▸ Stored items from a collection:
============================================================

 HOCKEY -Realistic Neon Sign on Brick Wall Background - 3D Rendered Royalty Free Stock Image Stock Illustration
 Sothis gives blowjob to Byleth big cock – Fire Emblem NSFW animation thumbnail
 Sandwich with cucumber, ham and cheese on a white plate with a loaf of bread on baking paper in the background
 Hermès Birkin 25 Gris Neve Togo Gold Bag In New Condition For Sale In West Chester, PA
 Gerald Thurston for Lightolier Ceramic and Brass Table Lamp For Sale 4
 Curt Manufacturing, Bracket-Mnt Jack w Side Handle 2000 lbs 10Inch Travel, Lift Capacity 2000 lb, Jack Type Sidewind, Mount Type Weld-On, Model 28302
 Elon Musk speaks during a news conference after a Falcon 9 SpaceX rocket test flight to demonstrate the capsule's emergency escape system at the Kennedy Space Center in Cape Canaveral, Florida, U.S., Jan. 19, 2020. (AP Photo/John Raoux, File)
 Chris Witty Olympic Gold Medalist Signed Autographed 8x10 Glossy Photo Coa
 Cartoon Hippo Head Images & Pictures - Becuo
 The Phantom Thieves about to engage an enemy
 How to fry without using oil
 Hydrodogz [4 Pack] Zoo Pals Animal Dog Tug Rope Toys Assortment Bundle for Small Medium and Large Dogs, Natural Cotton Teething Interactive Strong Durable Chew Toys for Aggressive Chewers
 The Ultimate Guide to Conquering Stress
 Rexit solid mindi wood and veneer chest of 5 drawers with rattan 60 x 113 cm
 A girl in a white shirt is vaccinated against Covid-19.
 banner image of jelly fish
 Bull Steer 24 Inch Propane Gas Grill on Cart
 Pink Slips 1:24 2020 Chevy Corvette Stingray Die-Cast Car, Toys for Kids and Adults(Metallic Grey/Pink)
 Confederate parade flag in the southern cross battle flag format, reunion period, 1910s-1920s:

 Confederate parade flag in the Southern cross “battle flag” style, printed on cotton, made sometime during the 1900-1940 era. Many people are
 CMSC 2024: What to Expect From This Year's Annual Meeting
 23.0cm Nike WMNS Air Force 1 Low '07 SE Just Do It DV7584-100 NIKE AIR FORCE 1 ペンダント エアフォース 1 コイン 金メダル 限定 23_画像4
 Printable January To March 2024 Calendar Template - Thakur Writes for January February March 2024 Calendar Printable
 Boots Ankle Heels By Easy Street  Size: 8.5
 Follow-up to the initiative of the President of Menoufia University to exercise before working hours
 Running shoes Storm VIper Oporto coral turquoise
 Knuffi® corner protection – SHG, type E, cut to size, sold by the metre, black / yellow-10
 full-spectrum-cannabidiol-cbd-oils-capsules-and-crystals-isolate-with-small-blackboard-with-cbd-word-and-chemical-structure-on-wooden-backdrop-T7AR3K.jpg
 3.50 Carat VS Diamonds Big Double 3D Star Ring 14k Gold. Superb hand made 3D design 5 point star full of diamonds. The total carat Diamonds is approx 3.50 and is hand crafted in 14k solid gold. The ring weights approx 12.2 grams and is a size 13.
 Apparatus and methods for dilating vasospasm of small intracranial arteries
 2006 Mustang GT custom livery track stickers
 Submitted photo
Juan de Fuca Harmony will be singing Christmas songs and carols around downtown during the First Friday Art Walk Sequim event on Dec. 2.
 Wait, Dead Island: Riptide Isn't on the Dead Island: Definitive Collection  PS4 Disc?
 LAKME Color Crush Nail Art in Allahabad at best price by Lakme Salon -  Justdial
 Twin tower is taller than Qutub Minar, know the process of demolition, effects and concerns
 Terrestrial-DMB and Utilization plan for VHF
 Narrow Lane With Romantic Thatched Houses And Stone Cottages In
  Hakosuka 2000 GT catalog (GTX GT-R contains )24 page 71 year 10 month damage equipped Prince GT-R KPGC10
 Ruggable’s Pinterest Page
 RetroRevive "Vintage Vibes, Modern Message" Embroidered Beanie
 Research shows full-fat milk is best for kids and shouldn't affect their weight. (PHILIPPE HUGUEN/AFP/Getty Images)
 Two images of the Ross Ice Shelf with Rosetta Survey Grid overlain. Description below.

============================================================

The lines above that hold the word "Confederate" need counting; write the count and nothing more.

2